The ATO makes eight key points that broadly put emphasis on the overarching objectives of income tax treaties—the avoidance of double taxation (on specified types of income) and addressing fiscal evasion.

  • Start with the domestic law, not the treaty: Treaties do not become part of Australia’s domestic law until legislated by Parliament. The International Tax Agreements Act 1953 (Agreements Act) gives income tax treaties the force of law and requires the Assessment Acts to be read as one with the Agreements Act. Once legislated, the income tax treaty becomes part of the legislative framework and takes priority over the Assessment Acts.
  • Text, context, text: The ATO reiterated the principle found in Article 31 of the Vienna Convention of the Law of Treaties that a treaty “shall be interpreted in good faith in accordance with the ordinary meaning to be given to the terms of the treaty in their context.” A holistic approach is to be taken, and the text is to be given primacy in the interpretation process.
  • Object and purpose: Article 31 requires an income tax treaty to be interpreted in light of its object and purpose including the sharing of taxing rights, the avoidance of double taxation, and prevention of fiscal evasion. They are also not limited to conferring benefits on taxpayers (i.e., they are not a shield).

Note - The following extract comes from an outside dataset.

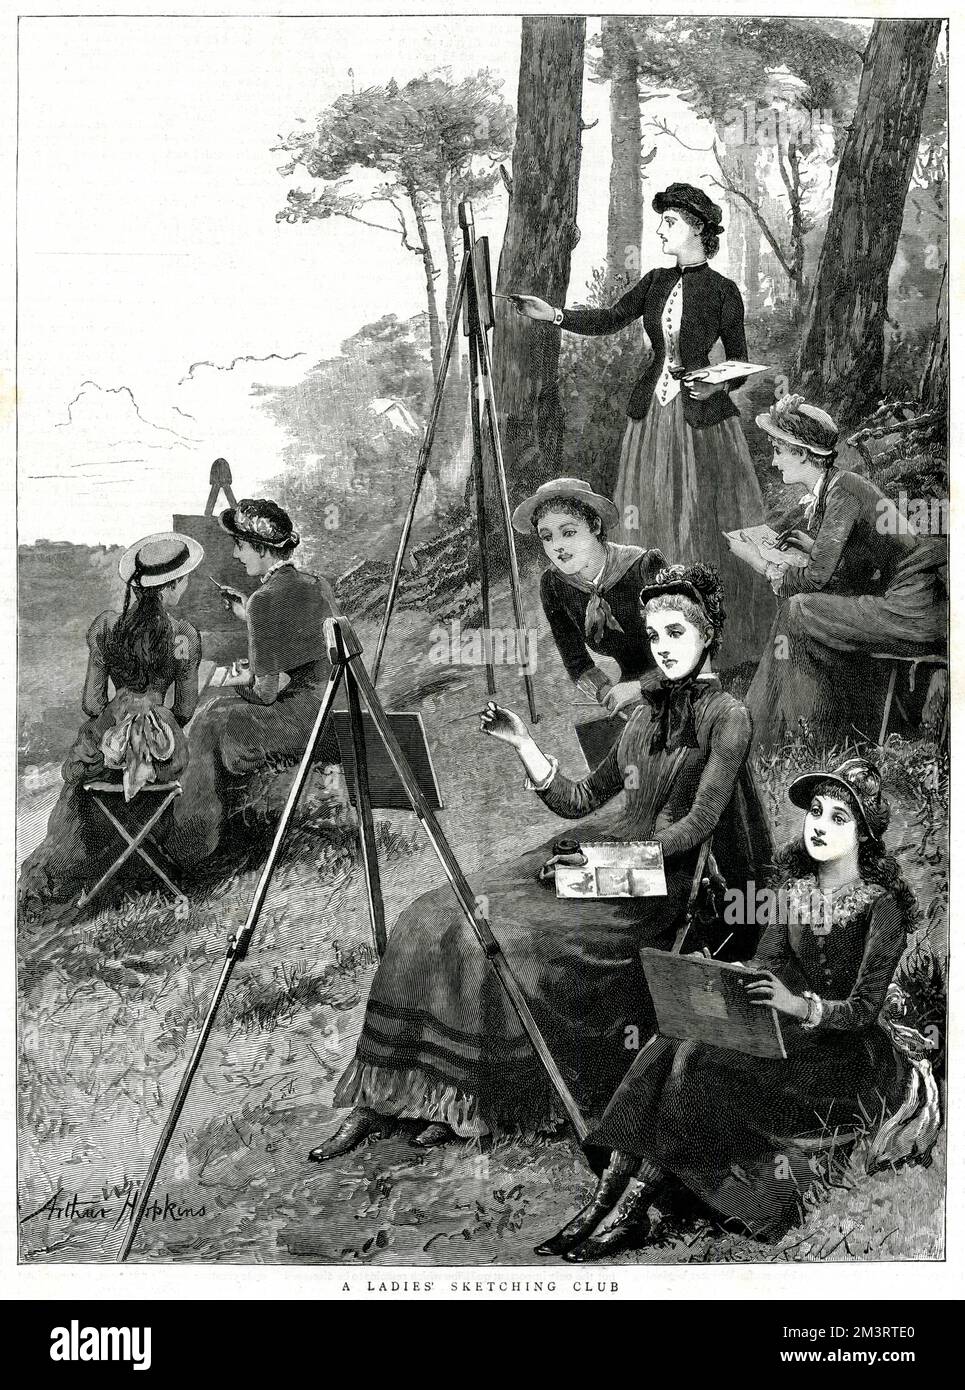 Group of women sketching the scenery on their easels.     Date: 1885 Stock Photo
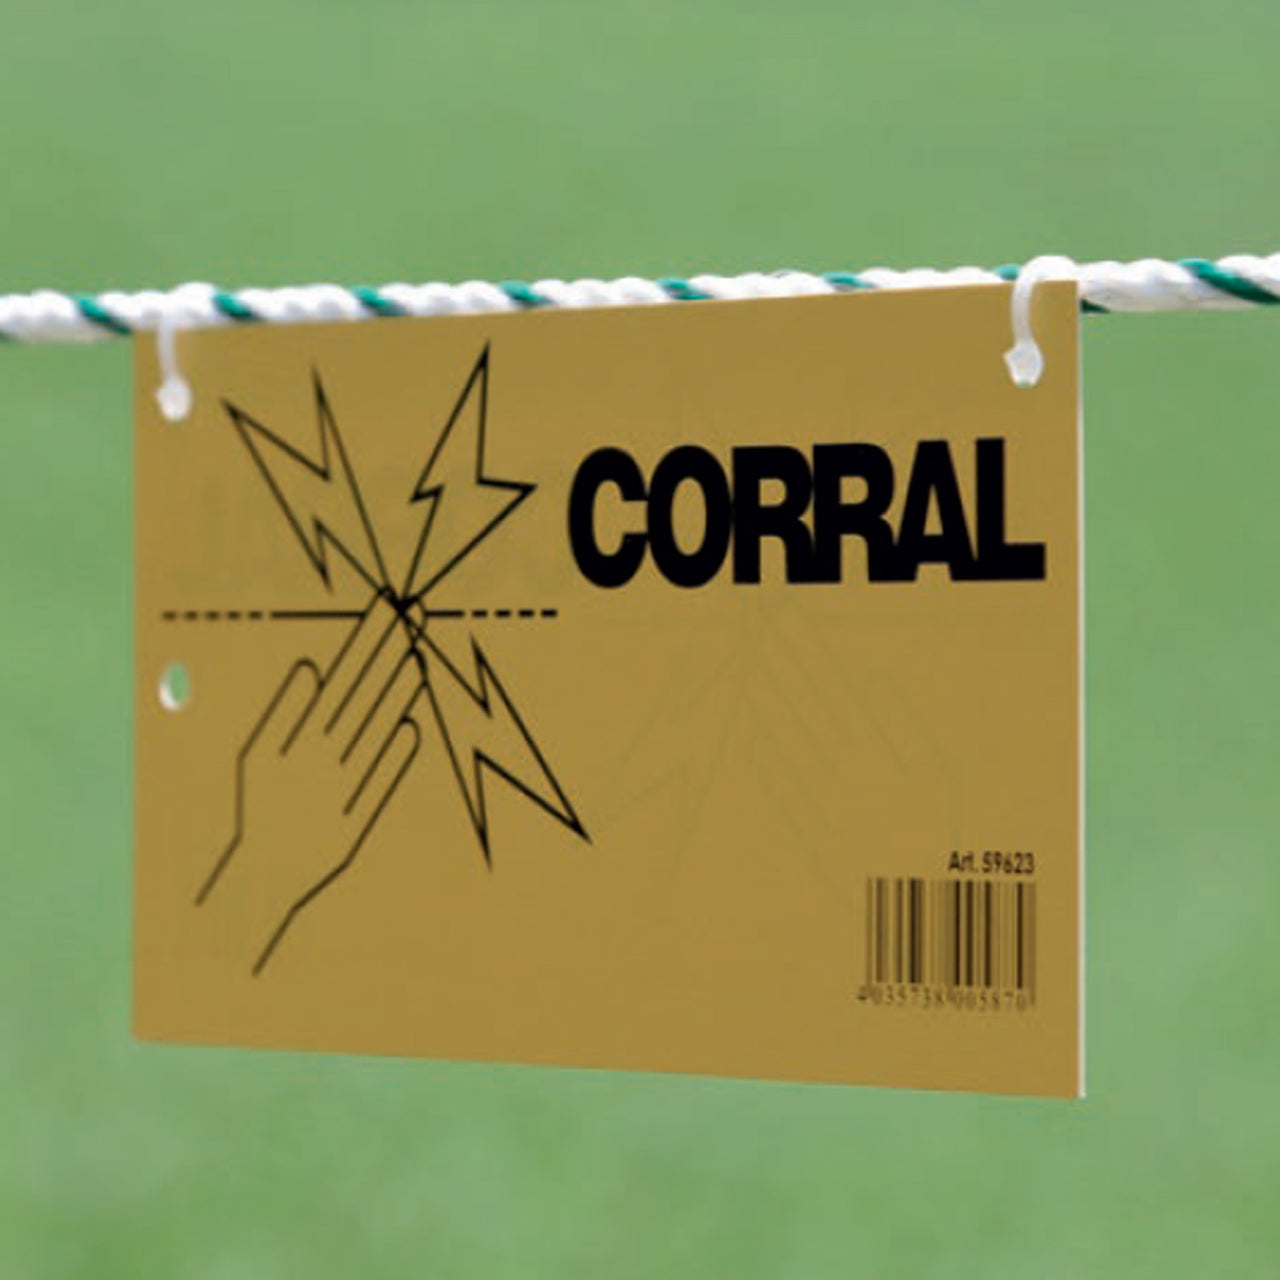 CORRAL warning sign electric fence

  • Liberal approach: Income tax treaties need to be interpreted in a “more liberal manner” than domestic legislation because tax treaties are negotiated texts and often fail to demonstrate the precision of drafting seen in domestic legislation.
  • Other languages: Income tax treaties are often written in multiple languages, and each authenticated version generally is equally valid and can be relied on by taxpayers. The terms are presumed to have the same meaning, but when there are differences, Article 33(4) states that the version that best reconciles the texts, having regard to the object and purpose, will be adopted.
  • Supplementary means of interpretation: Under Article 32, supplementary materials can be used when an Article 31 interpretation produces an “ambiguous or obscene” meaning or “a result which is manifestly absurd or unreasonable.” According to the ATO, it is safer to construe the words of the tax treaty in their context than to use commentary which cannot override the treaty text.
  • Version of commentary: Based on what the OECD has stated, later commentaries can be used for interpreting earlier treaties except when the OECD model has changed in substance. However, Division 815 stipulates the relevant version of OECD commentary to be used in transfer pricing cases.
  • Foreign case law: Decisions of foreign courts are not binding in Australia and therefore are not to be relied upon too heavily.